The folklore behind them is pretty interesting. My favorite story involves a man named (wait for it) Will.  Will is a thief who manages to anger a number of random villagers. As they’re chasing him out of town with torches and pitchforks, they trap him. Before the villagers can get him, Will makes a deal with the devil. In exchange for his soul, Will asks the Devil to take a form of a gold coin so that he can pay the villagers back. Once Will is let off the hook by the villagers, the Devil can takes his own form and leave the townspeople robbed again. The devil agrees to the deal, Will puts the gold coin in his wallet, which contains a cross, preventing the devil from reverting back to his real form. The devil then must make a deal with Will to be let out of the purse. Will gets his soul back, and escapes from the villagers. However, once Will dies, he’s led such a pitiful life that he’s not allowed into heaven. He goes to Hell but the Devil, a man of his word, won’t take Will’s soul. Will is forced to spend eternity wandering the Earth. To help him out, the Devil gives him an ember from Hell, which can never go out. To pay the devil back for this kindness, Will uses this ember to entice travelers into a trap so that they devil may take their souls.

In some variations, the main character is named Jack, and he puts the ember into a carved turnip, which is where we get the term Jack-o’-Lantern.

What Will-o’-the-wisps really are is fairly interesting. The decaying organic matter found in swamps gives off a lot of random gases. Two of these are phosphine and methane.

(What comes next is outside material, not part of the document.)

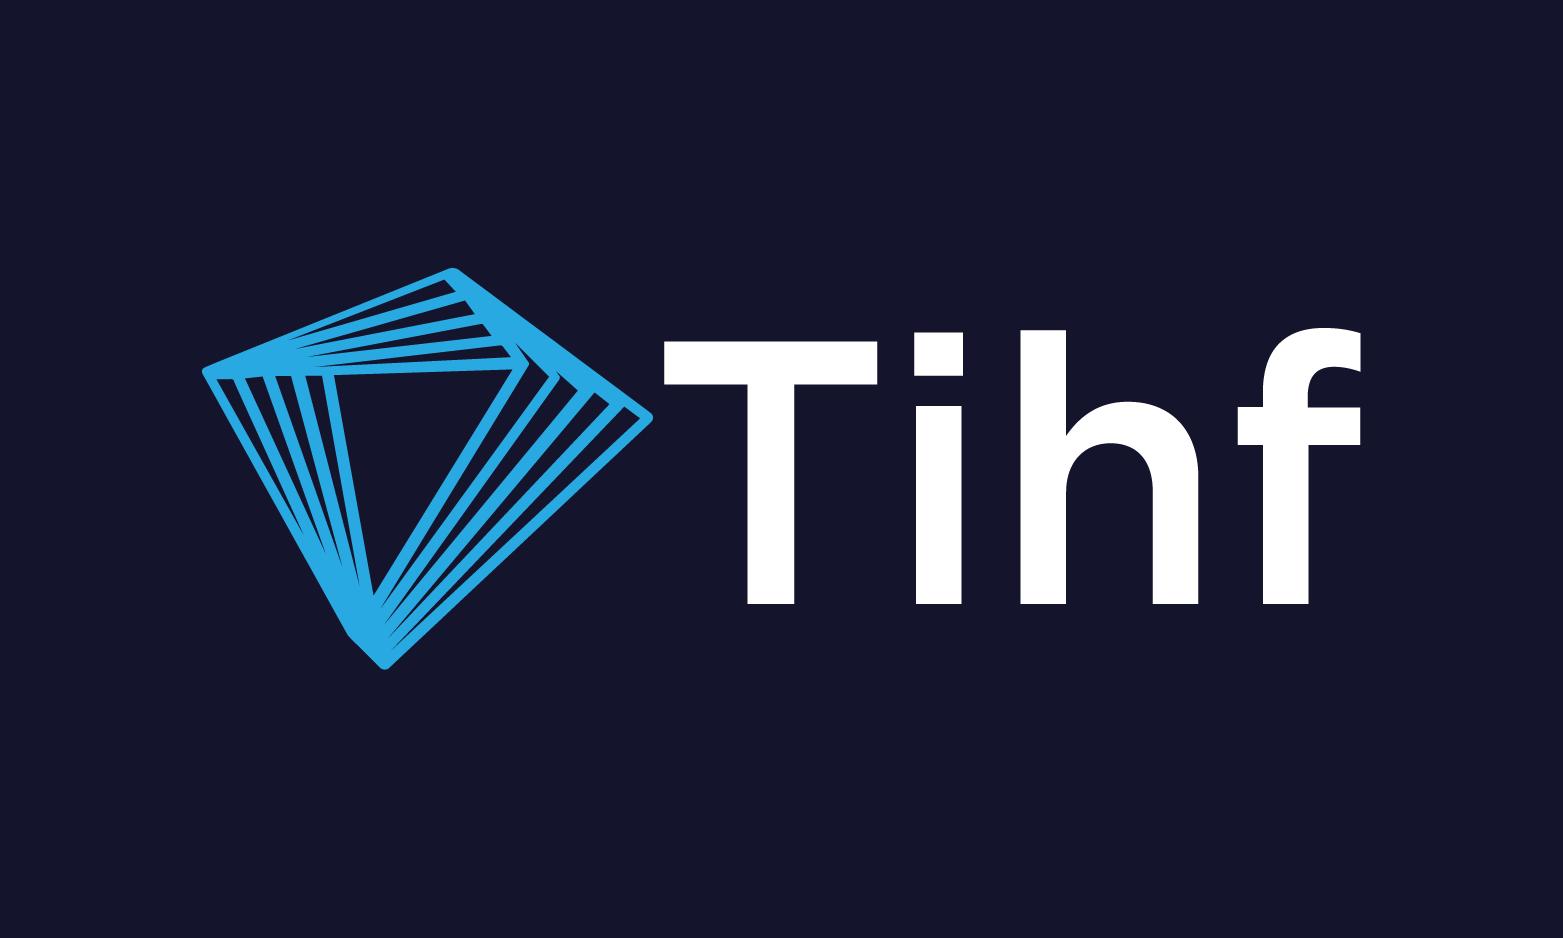 Tihf.com

Phosphine by itself can phosphoresce when it oxidizes, throwing off a bit of light, but it can also spontaneously ignite in the atmosphere. This ignition can also cause a bit of a chain reaction that ignites methane gas in the area. In lab experiments, these gas bursts often burn at a much lower temperature than most fires, which explains how these fires can occur without doing any noticeable damage to the surroundings.

One of the other theories is that tectonic shifting can cause a release of piezoelectricity and water vapor.  When these two elements are released from the grounds surface and meet in the lower atmosphere, they can create strange lights. No one is sure exactly how, but it’s still an interesting theory. Especially given the awesomeness of piezoelectricity, which is what gives quartz its unique characteristics.

What I find most interesting about all this is that swamp gas is often given as an explanation for the lights associated with UFOs. In my experience, swamp gas was always seen as a convenient cover up excuse, and not something that people really took seriously (not that I ever took UFO claims very seriously, but swamp gas just seemed like such a cop out of an excuse. I think it’s fascinating how our folklore has changed. Disembodied spirits leading people to their deaths and making deals with the Devil are seen as hokum now, while men from other planets  in flying saucers abducting citizens become more and more accepted. The phenomenons haven’t changed, but the story giving some sort of rational explanations for those phenomenon has.